Die Wissenschaft, die seit Jahrzehnten von den Akteuren nicht mehr um Rat und Erkenntnis gebeten wird – das Vertrauen in kommerziell arbeitende Agenturen ist offenbar größer -, hat ihr Resümee gezogen: „Obwohl das Thema regionale Identität in dieser Region seit Beginn der 1990er Jahre auf der Tagesordnung stand, sind alle Versuche, eine solche Identität zu induzieren, gescheitert. Es ist deswegen auch nicht mehr verwunderlich, dass das konzeptuelle Niveau der politischen Diskussion in den letzten Jahren wieder dort angekommen ist, wo es vor einem Jahrhundert war“, schreibt Joachim Blatter 2005 in seinem Beitrag „Metropolitan Governance in Deutschland: Normative, utilitaristische, kommunikative und dramaturgische Formen der politischen Steuerung“.

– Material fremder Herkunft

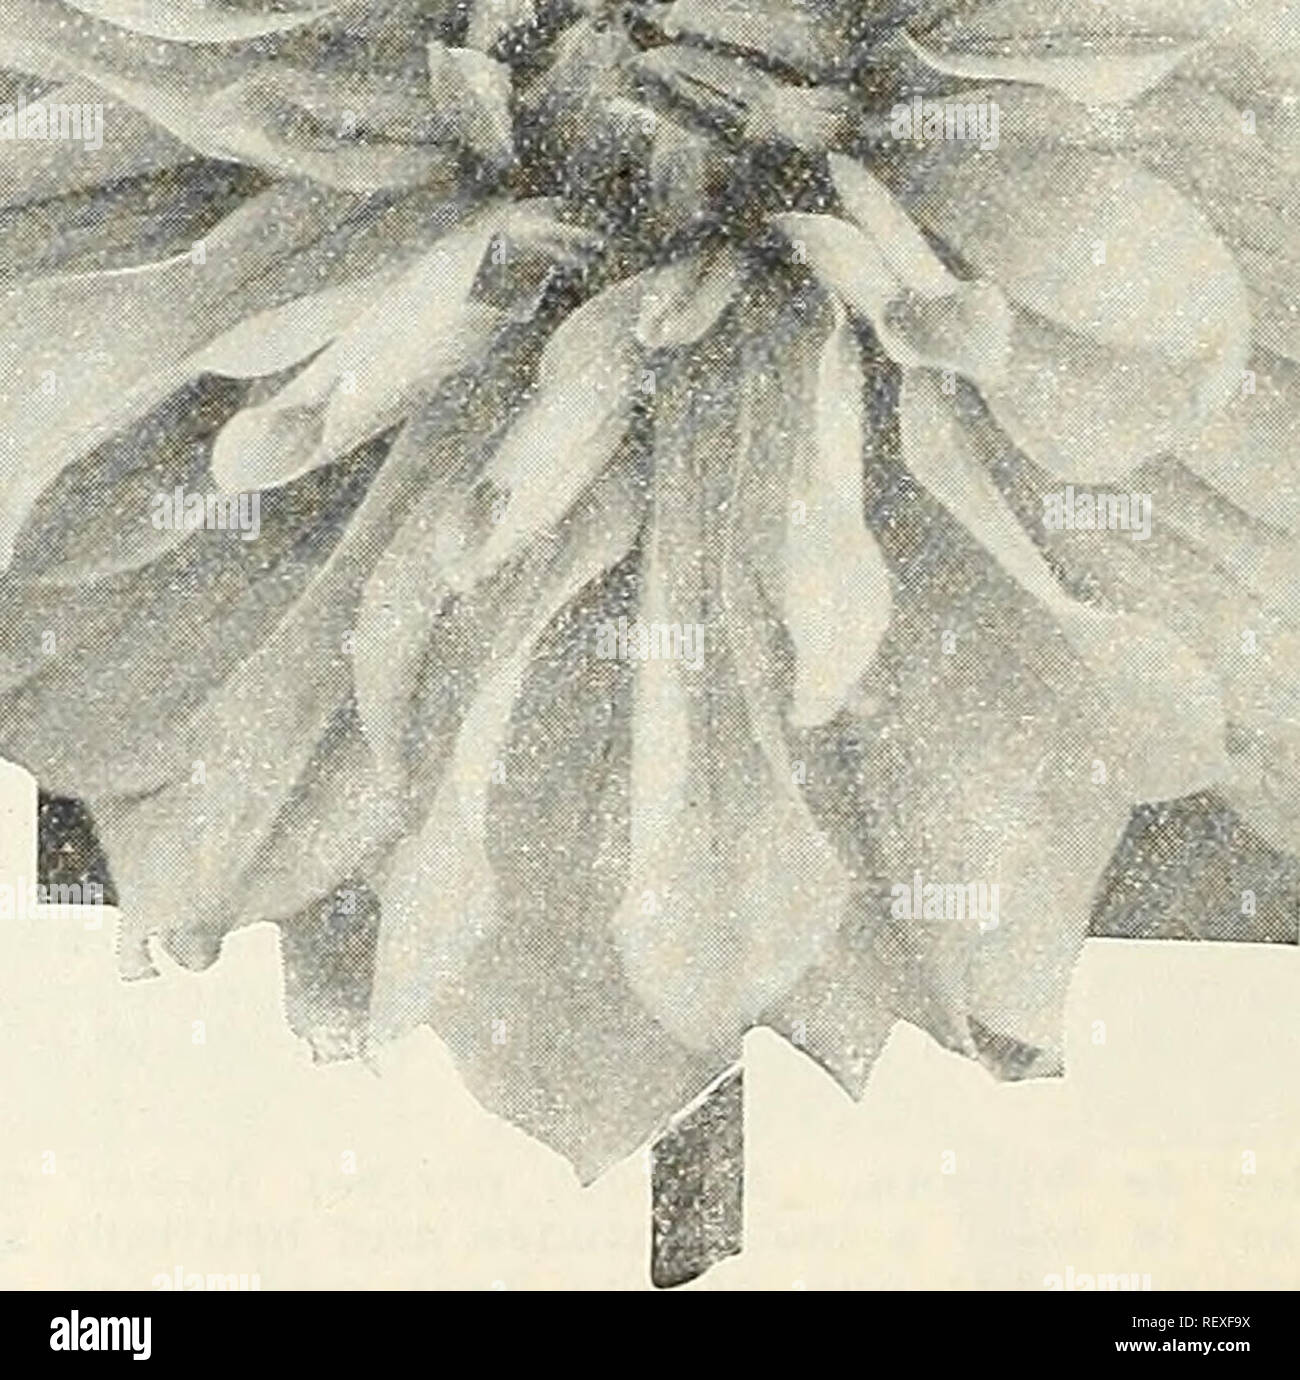 . Dreer's wholesale price list. Bulbs (Plants) Catalogs; Vegetables Seeds Catalogs; Flowers Seeds Catalogs; Nurseries (Horticulture) Catalogs; Gardening Equipment and supplies Catalogs. Decorative Dahlia, Jessie K. Prescott Harry Sheldon, Jr. A large well formed flower of de- lightful color, the outer petals of a bright lavender- pink with creamy-white centre, strong semi-dwarf habit of growth. $5.00 per doz.; §40.00 per 100. SELECT DECORATIVE DAHLIAS (Continued) Jersey's Sweetheart. A dainty attractive pink, shad- ing to white in centre; flowers produced in abun- dance on slender stiff stems; Stock Photo

Martin Schaffer und Christoph Scheck kommen in ihrer Arbeit unter der Überschrift „Regionale Kooperation im Rhein-Main-Gebiet“ 2006 zum Schluss: „Was allerdings bis heute fehlt, ist die Bereitschaft der Akteure in der Region, eine Konzeption zu ihrer Umgestaltung anzupacken und dies dann auch stringent umzusetzen. Im polyzentrischen Rhein-Main-Gebiet dominiert in vielen Fällen ein sehr starkes Kirchturmdenken der einzelnen Kommunen und Organisationen und parteipolitisches Taktieren, das wirkliche Fortschritte und sichtbare Erfolge immer noch verhindert.“
Die absehbare Fortschreibung des – untauglichen – Ballungsraumgesetzes des hessischen Landesregierung auf weitere zehn Jahre – ungewöhnlich genug, was den Zeitraum angeht – ist ein neuerlicher Beleg, wie politische Gestaltung vorgetäuscht, tatsächlich aber der unbefriedigende Status quo aus Eigeninteresse fortgeschrieben wird.